Start of DATA TO USE

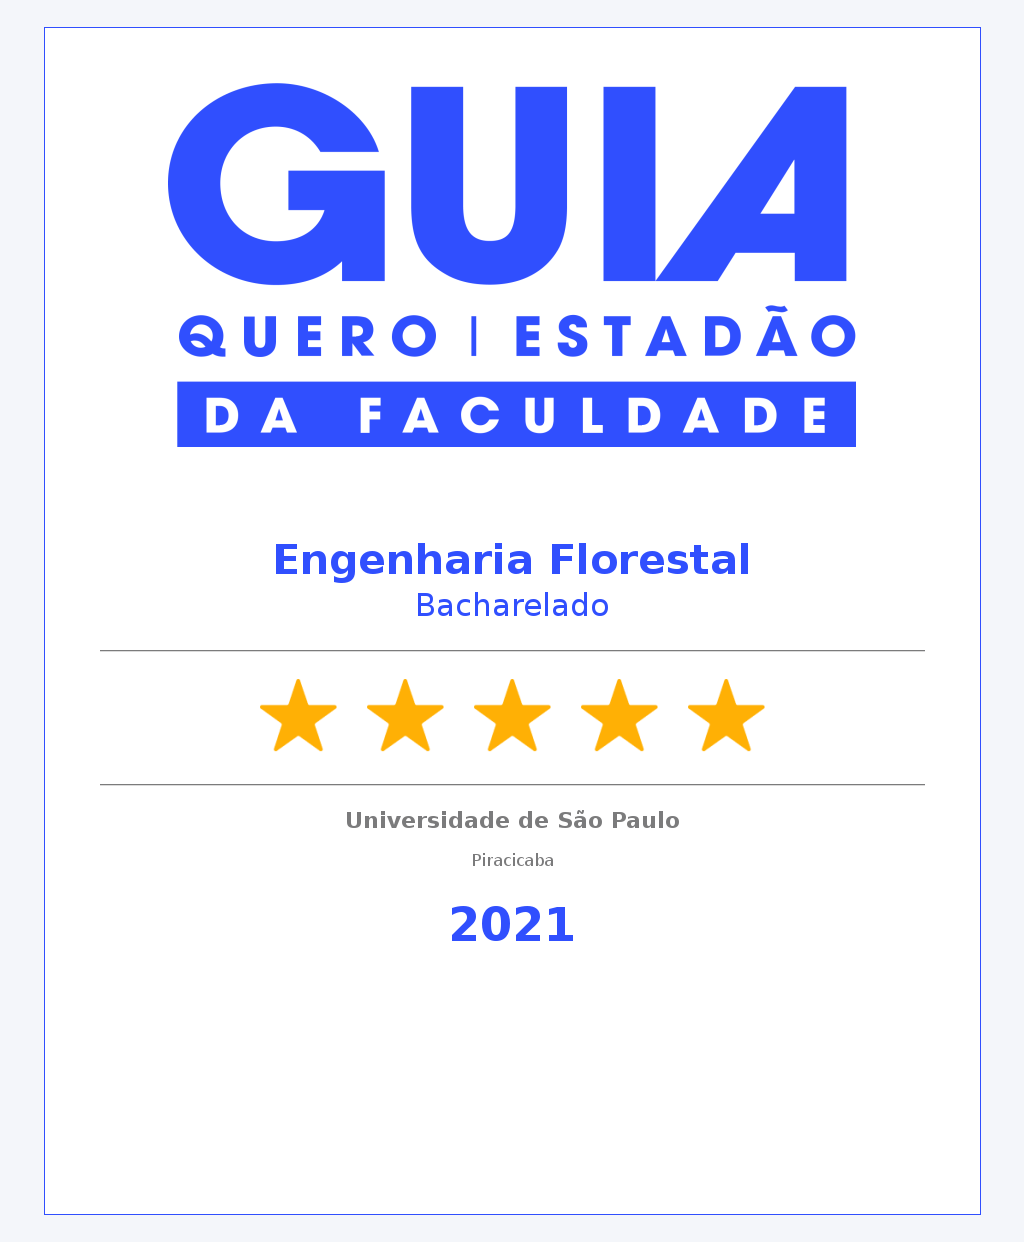 Guia da Faculdade do Estadão - 2021 - 5 Estrelas
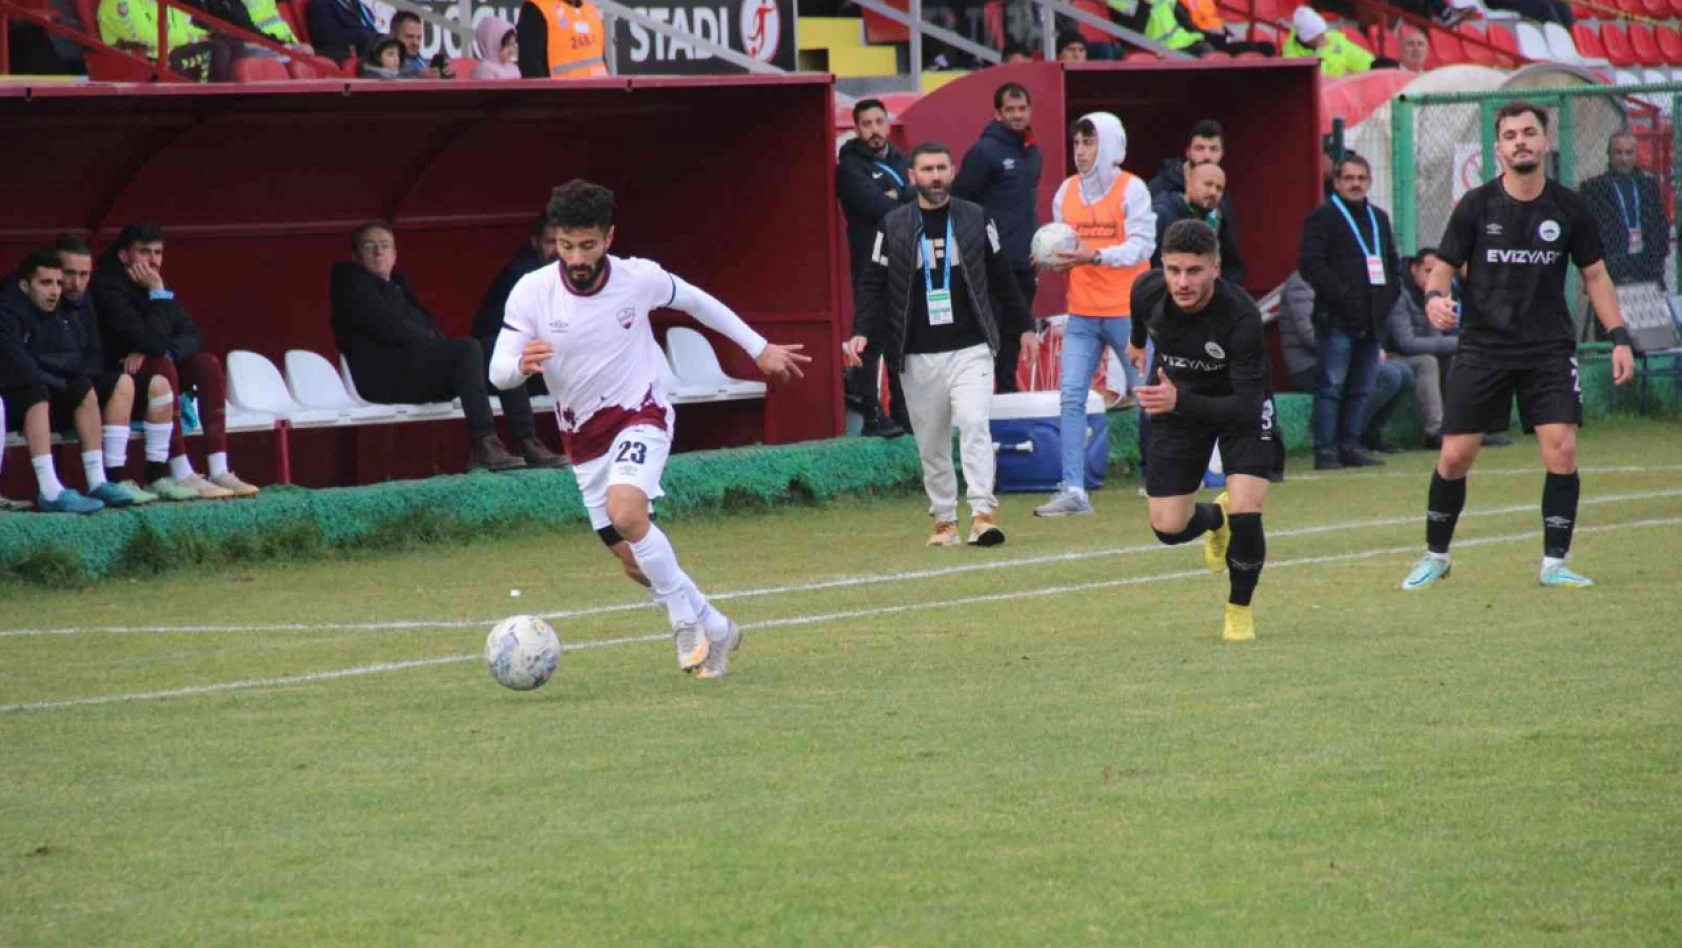 23 Elazığ FK'da Eren Çinkılınç, sezonu kapattı
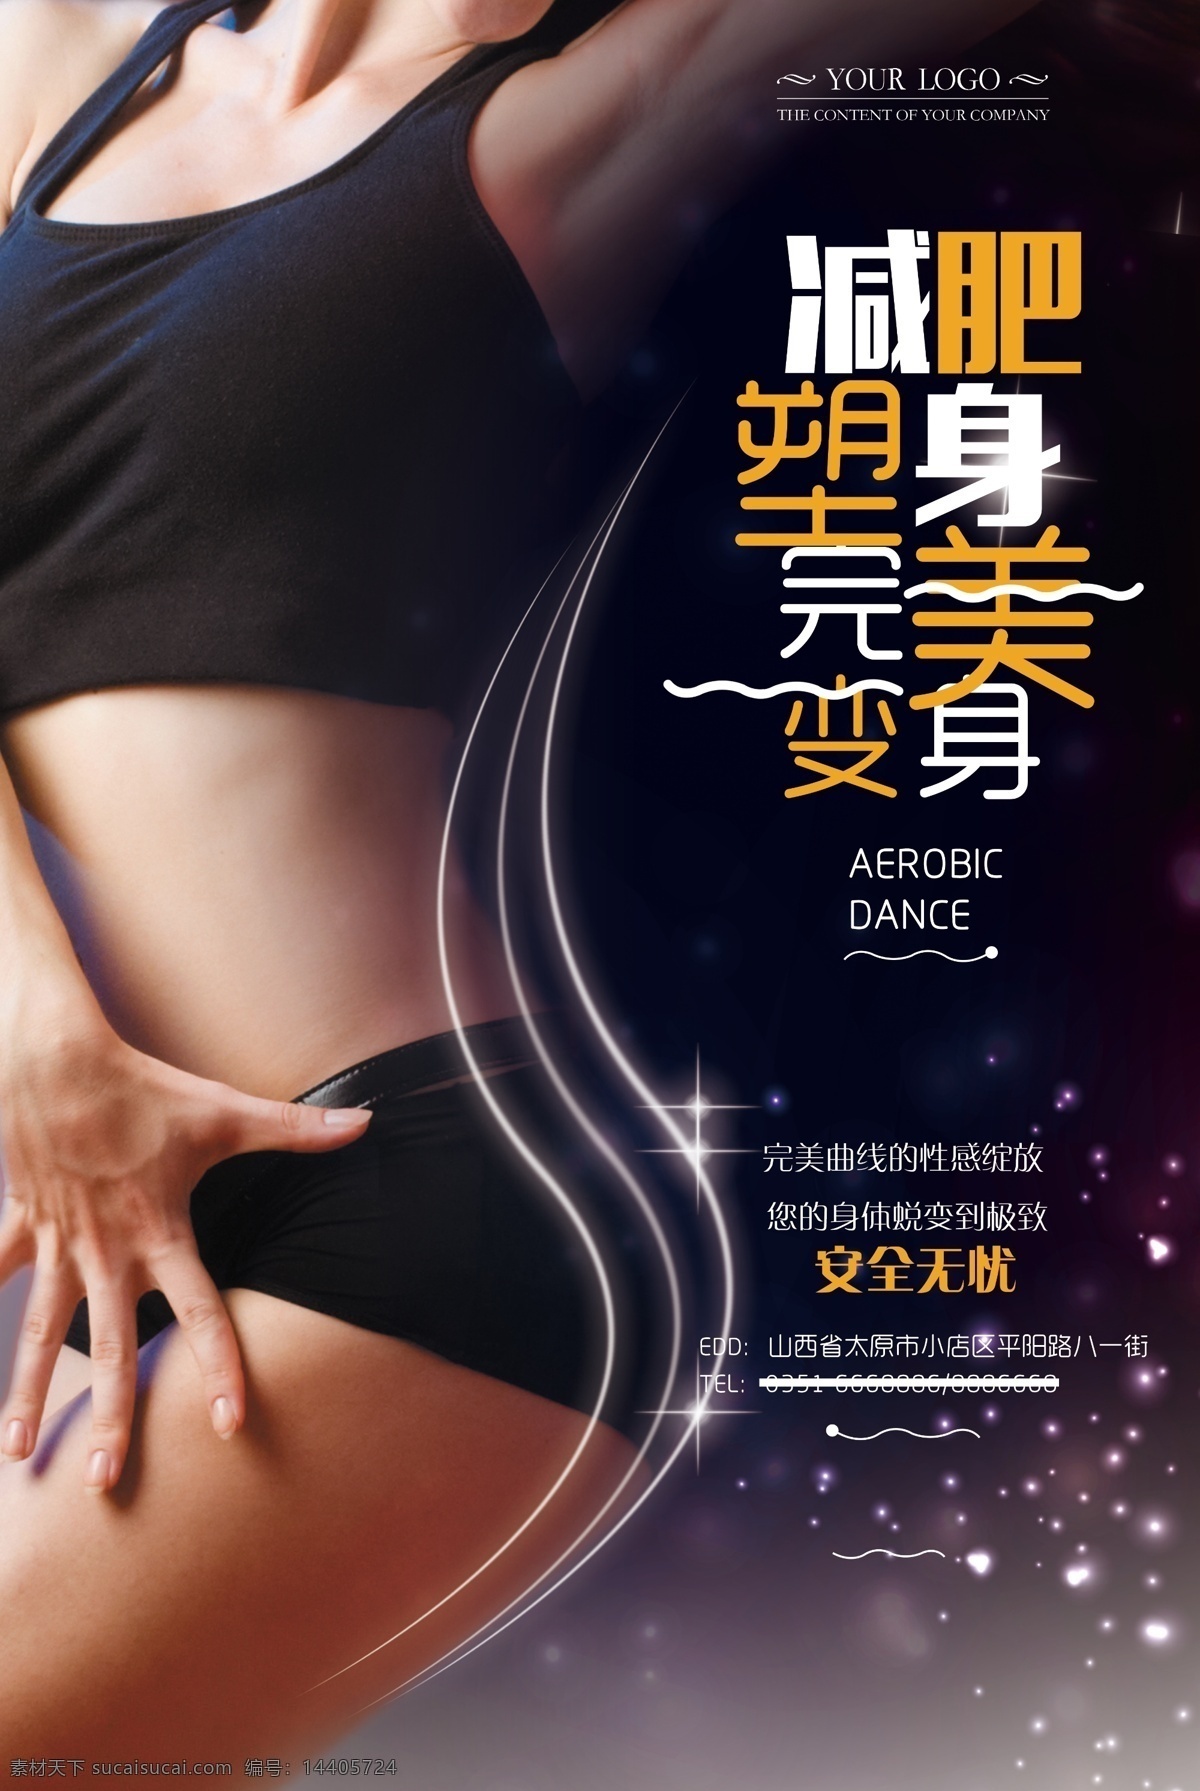 减肥塑身 海报 商业 宣传 减肥 瘦身 塑形 塑身 健身 性感 身材 肥胖 人物
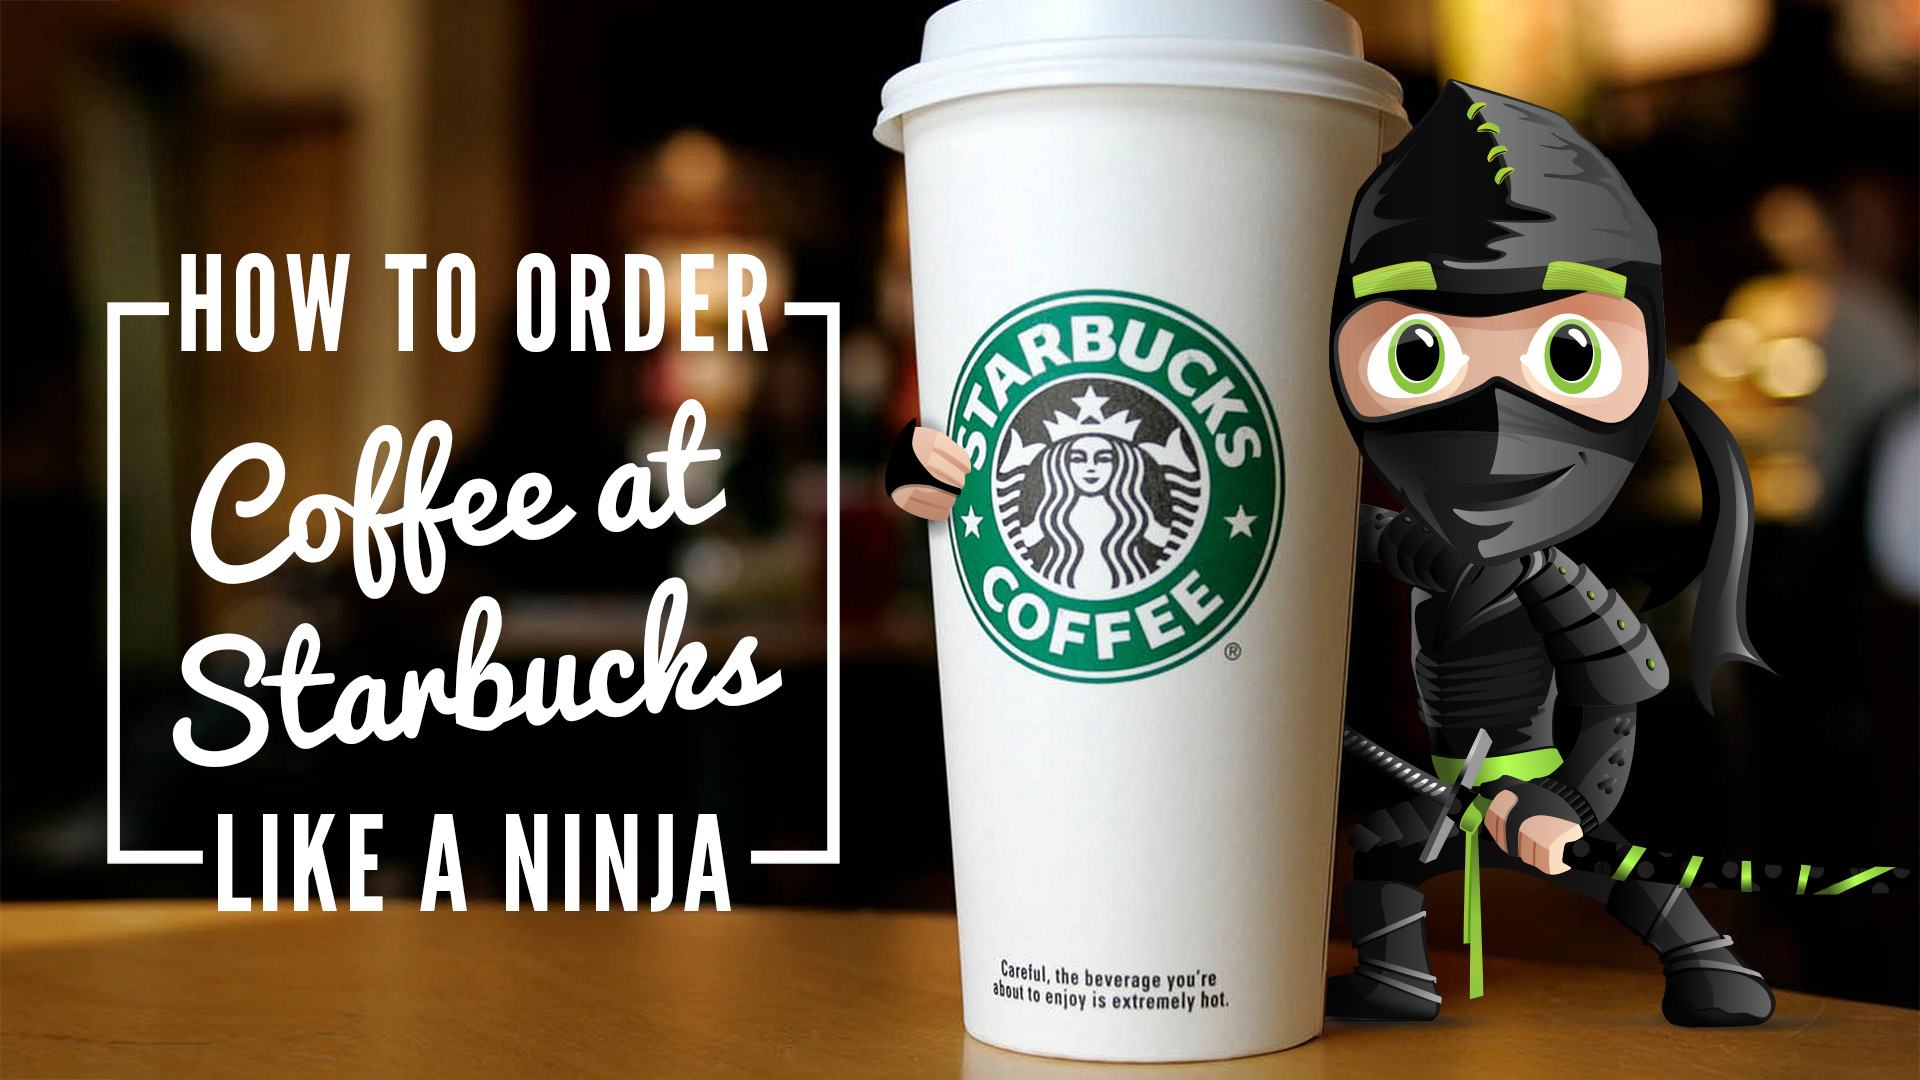 Nadzvučna brzina bakar Obod  Kako naručiti kafu sa vrhnjem u Starbucksu?
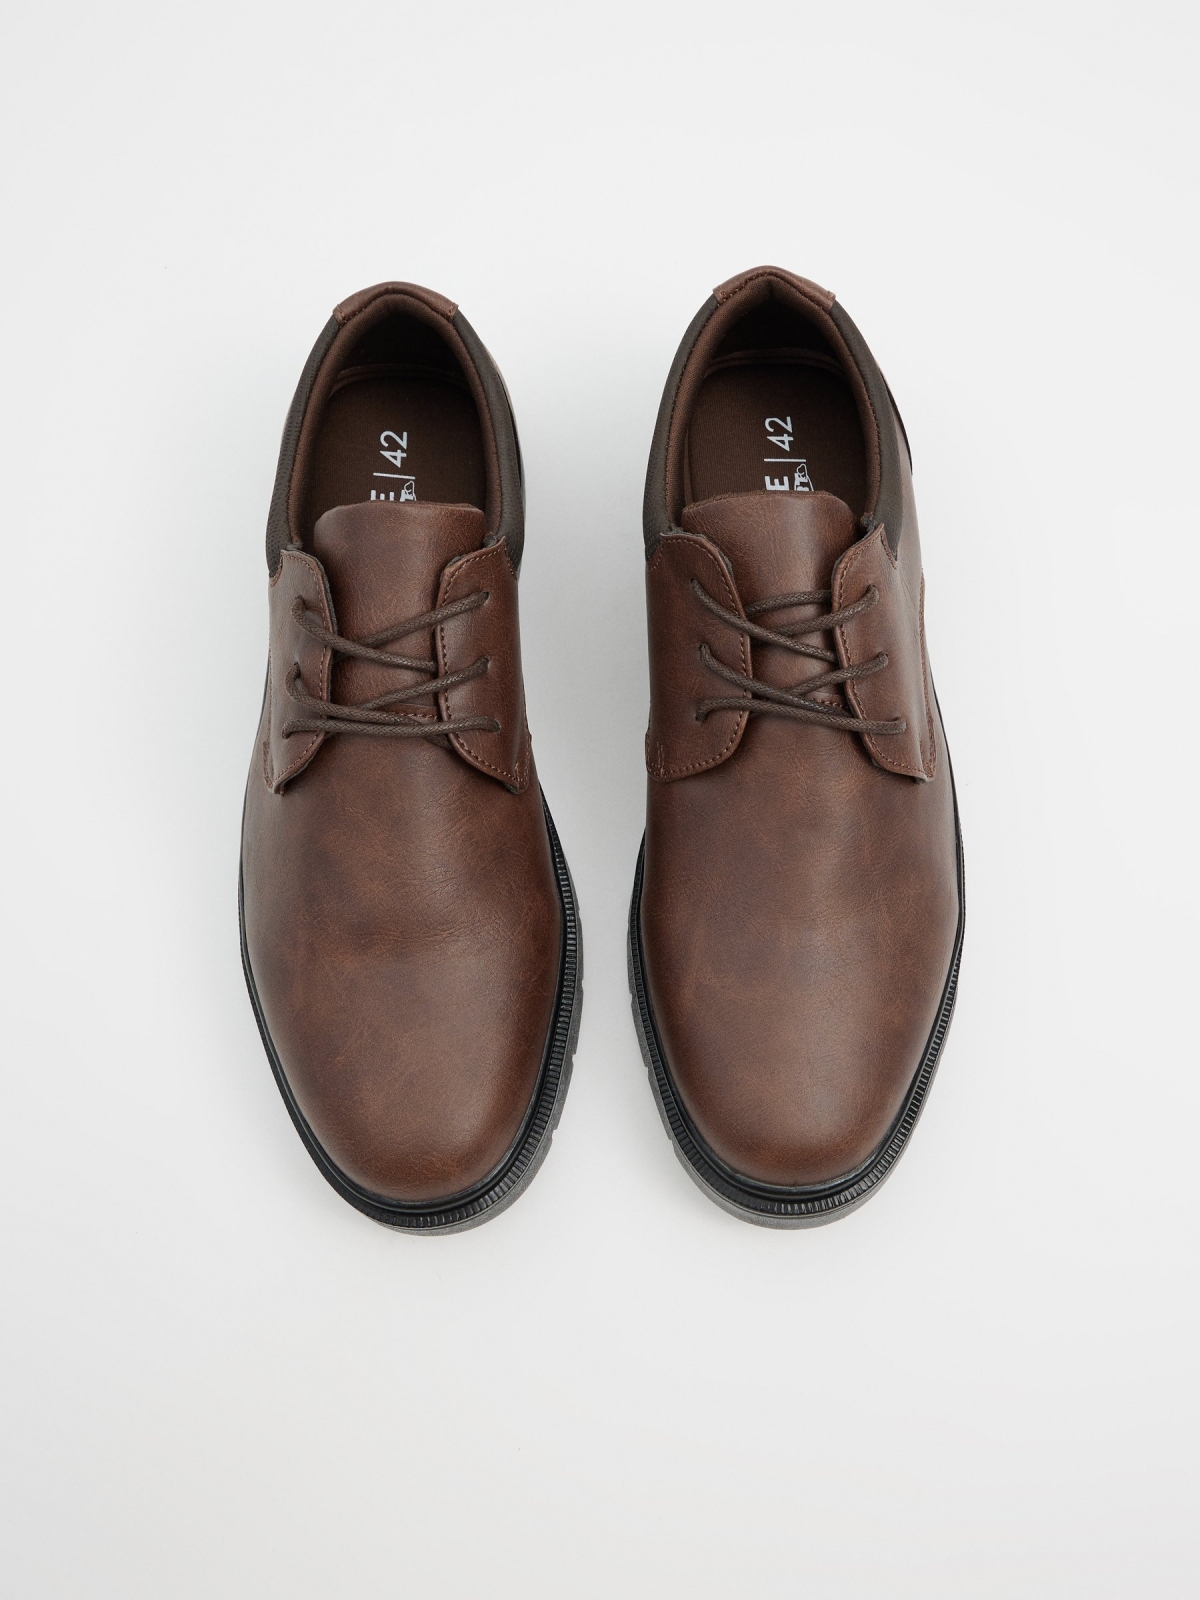 Zapato efecto piel marrón marrón tostado vista cenital

End of DATA TO USE

DIRECTIONS — Apart from the pictures, return every entry above exactly as given.

SOLUTION TO THIS EXERCISE —
 Guia da Faculdade do Estadão - 2021 - 5 Estrelas
 23 Elazığ FK'da Eren Çinkılınç, sezonu kapattı
 减肥塑身 海报 商业 宣传 减肥 瘦身 塑形 塑身 健身 性感 身材 肥胖 人物
 Nadzvučna brzina bakar Obod  Kako naručiti kafu sa vrhnjem u Starbucksu?
 Zapato efecto piel marrón marrón tostado vista cenital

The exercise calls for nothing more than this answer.